I find the bug unacceptable on several levels – (1) all files should be user-access protected as BryanGriffith mentions; but also (2) the DeviceSerialNumber should at least be hashed from the actual serial device (not jus hard-coded in firmware), or even better (3) hashed from a user-defined security string, so security can be enhanced by changing it periodically or as required (e.g. security breach)

My installation is a home cable modem, and wireless router. I want to write my own web code software to share cameras publically but without creating (and running, all the time) an intermediate server to decouple the camera’s video from the stream available publically, I can’t see a way of doing it securely while the current fault exists.

[ionizer]

has this issue been resolved in newer firmware v1.03 or some other manner?

i tried to replicate, via direct html of the xplug.class or the mjpeg.cgi direction
i also tried to replicate by using the <applet> code mentioned

i tried this in firefox, IE and Chrome and I was never able to access my cameras, but have no problem accessing them via the normal web page.

ideally, i'd like to be able to setup my own html page that shows two streams and of course be prompted for a password, but if that is not possible, i definitely want to make sure no one can just simply access each one individually.

[ionizer]

nevermind, i see that the device serial # doesn't necessarily correspond to the serial # on the back of the device....i viewed the source from the html page and then copied that and i see that this is indeed a bypass available.

anyone can simply acquire that information and have access!!!

[Mackerel]

The only part visible/accessible is the video. Any other access (setup, etc) goes via user/password. If you want to close off access to your webcam you can use a forwarded port via the router into your website. This will not stop people from viewing the image, but the rest is obfuscated.

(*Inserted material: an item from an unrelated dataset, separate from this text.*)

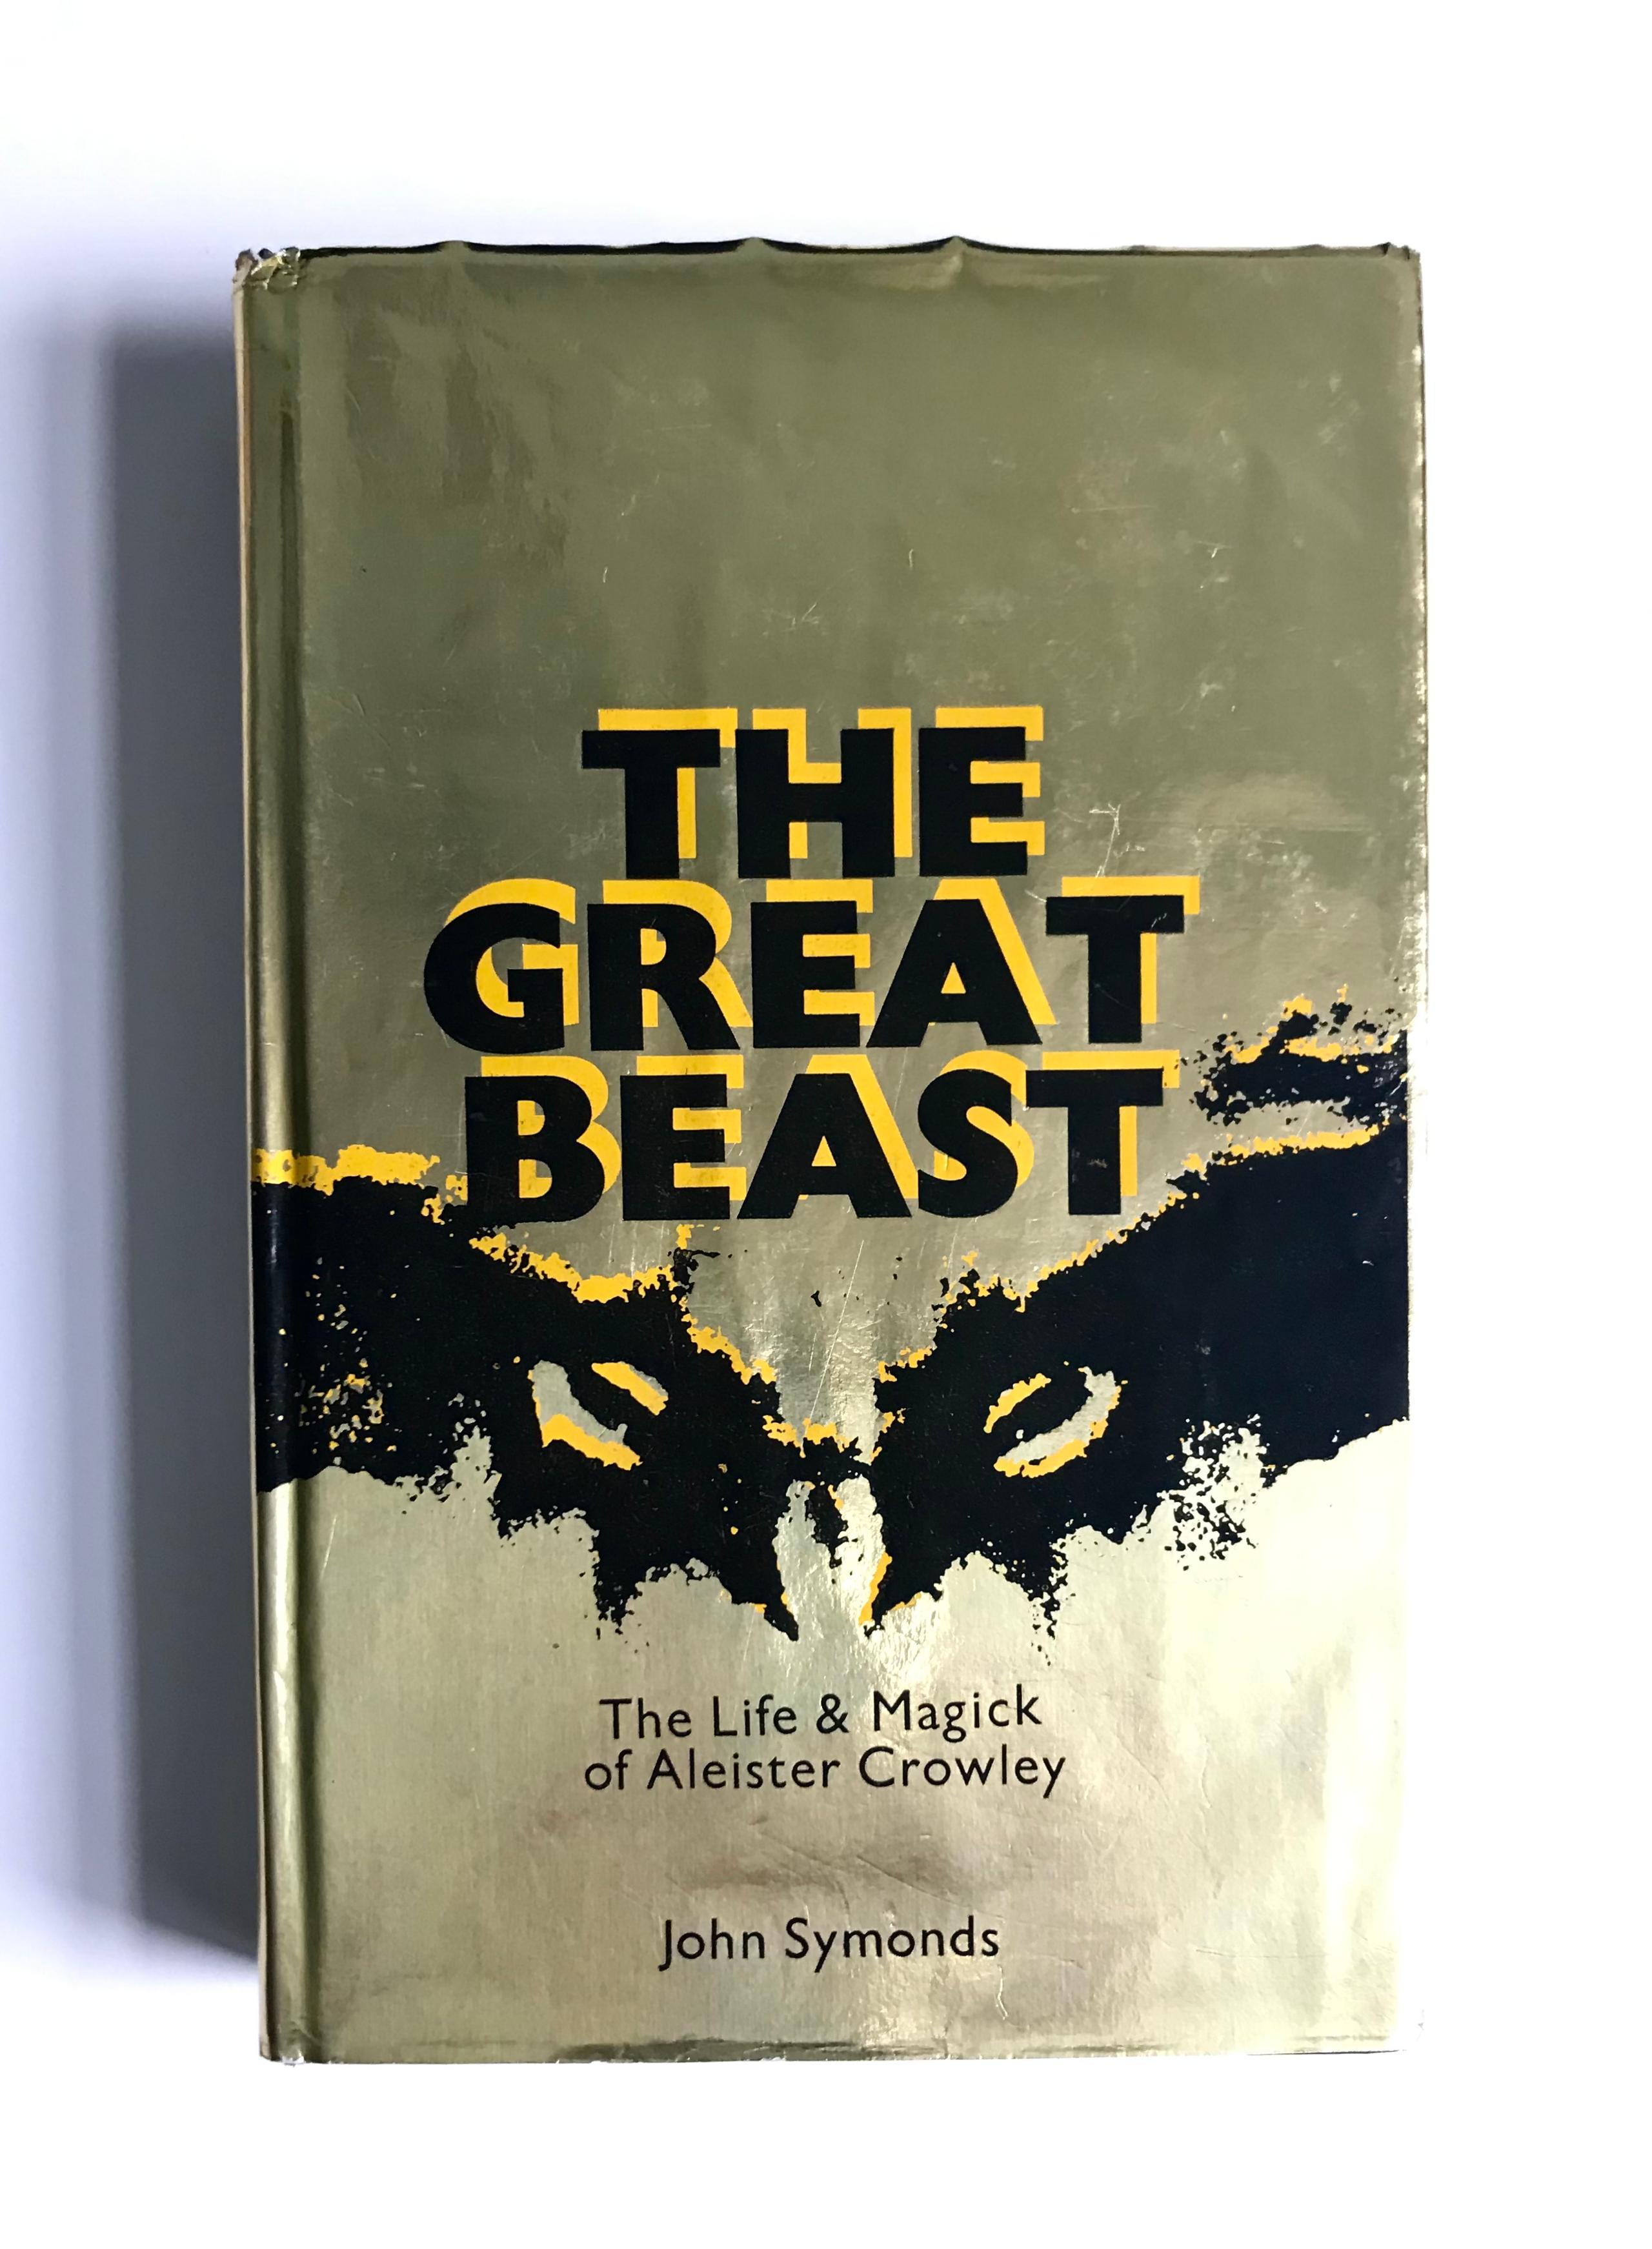 Aleister Crowley The Great Beast The Life & Magick by John Symonds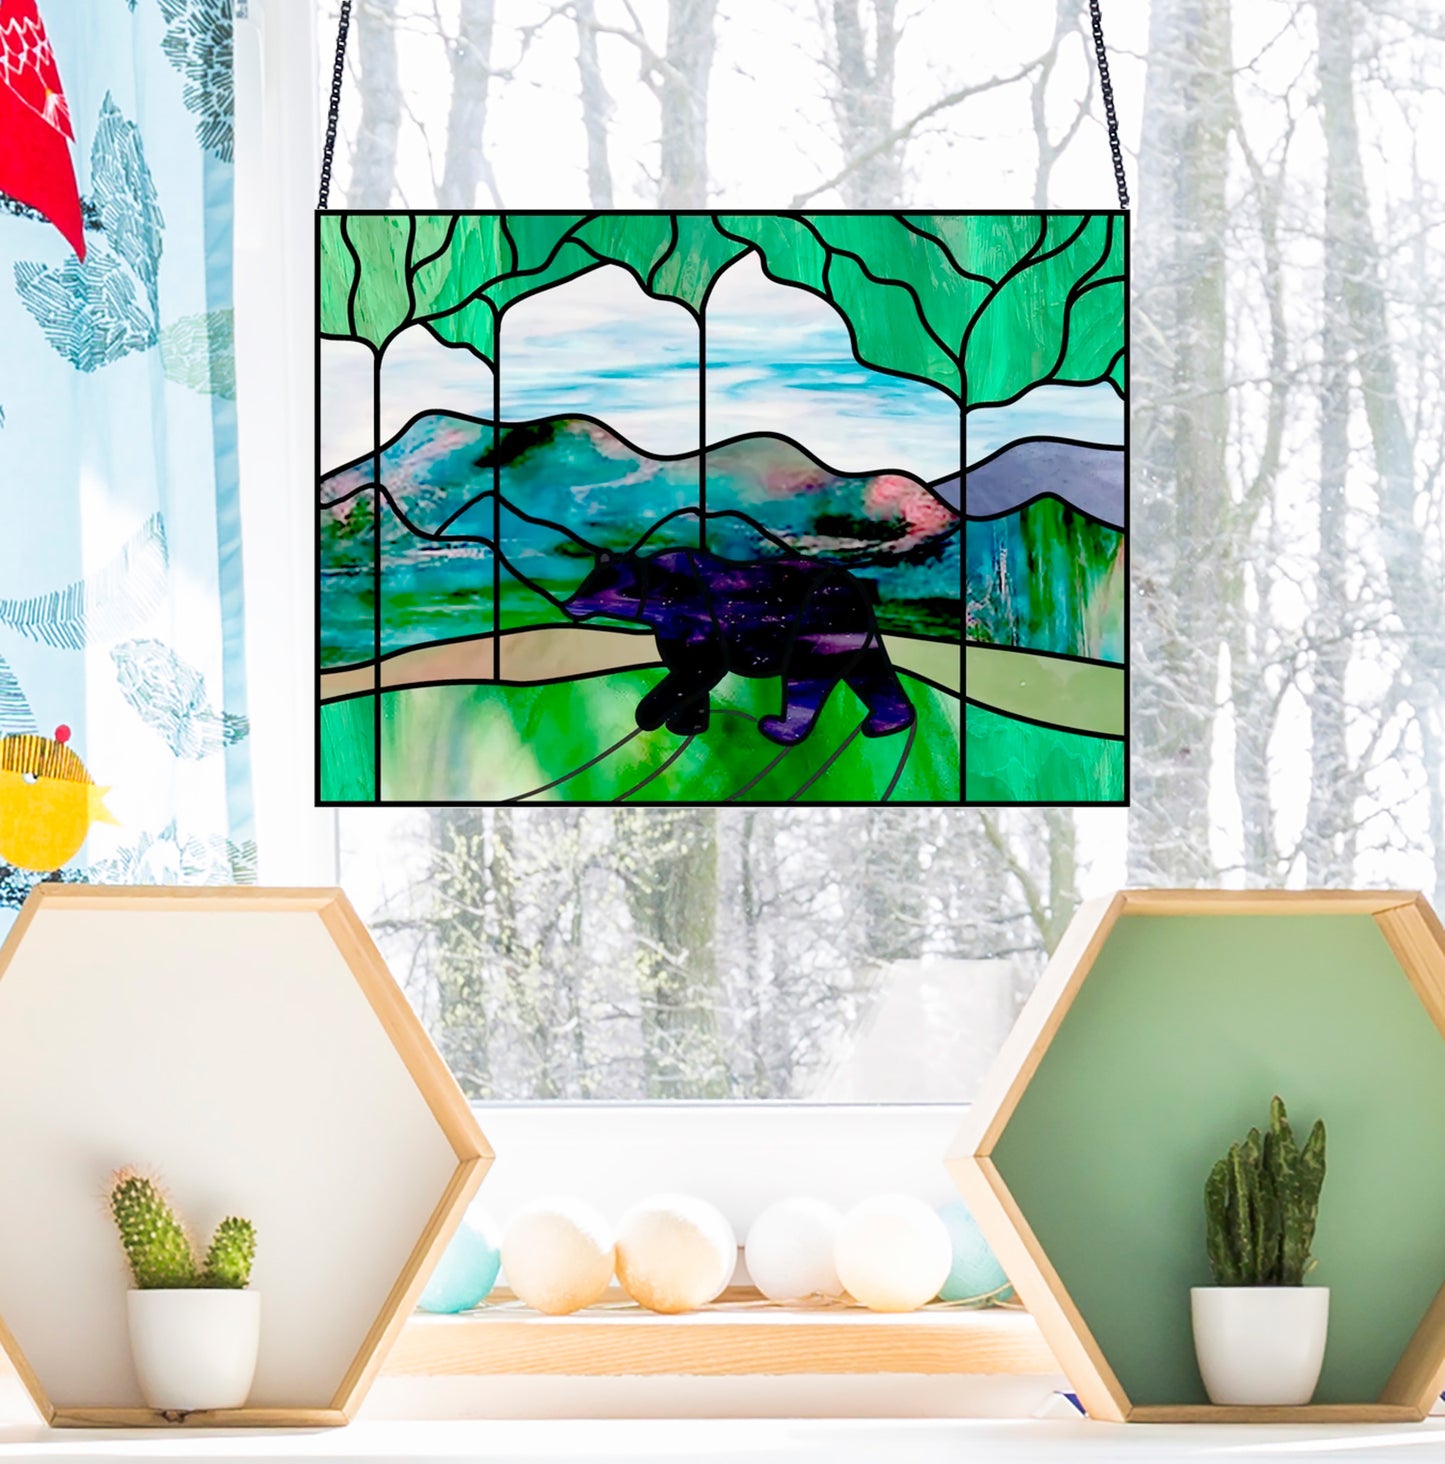 Bear in the forest stained glass pattern, instant pdf, shown in window with winter background

The only part I do not understand is what the problem is with it being publicly viewable... If you keep it behind the router, it stays inside your LAN. So please explain where the problem lies.

[ionizer]

here's the problem:

I want to view my home remotely from work to see a 3 week old baby.  thus i need the ports forwarded to access from work.  in addition, i may want to share an additional username/password with family and friends so that they can view her remotely.

however, i do not want anyone else in the world who knows about this workaround to be able to have the chance of remotely viewing my home. 

i thought that was kinda obvious, no?

[Mackerel]

i thought that was kinda obvious, no?

Not really, but now it is... If you have a website with added options (scripting/cgi/php/etc) you could force usage of a login through that, but going to the webcam directly... That will not work (at this moment). If you forego on the DDNS and just use the hard IP-address, it will be (a little bit) harder to 'find' your camera.

So, again, not possible on 920. Sorry.

[ionizer]

Not really, but now it is... If you have a website with added options (scripting/cgi/php/etc) you could force usage of a login through that, but going to the webcam directly... That will not work (at this moment). If you forego on the DDNS and just use the hard IP-address, it will be (a little bit) harder to 'find' your camera.

So, again, not possible on 920. Sorry.

yeah, i mean the url itself is not going to be something obvious to find and it just goes hard direct to the ip address and port anyway.  so yeah, it's harder to find, but it's the mere fact that it could be only a matter of time if someone wanted to scan for this type of feed, find it, then view into ur home.

there's absolutely no reason that the feed shouldn't have some authentication on it.  it seems like a basic security principle to me.  did d-link think everyone is stupid and wouldn't figure it out?

[ECF]

Do you have these same results if you do not port forward port 80 to the camera but utilize the secondary http port?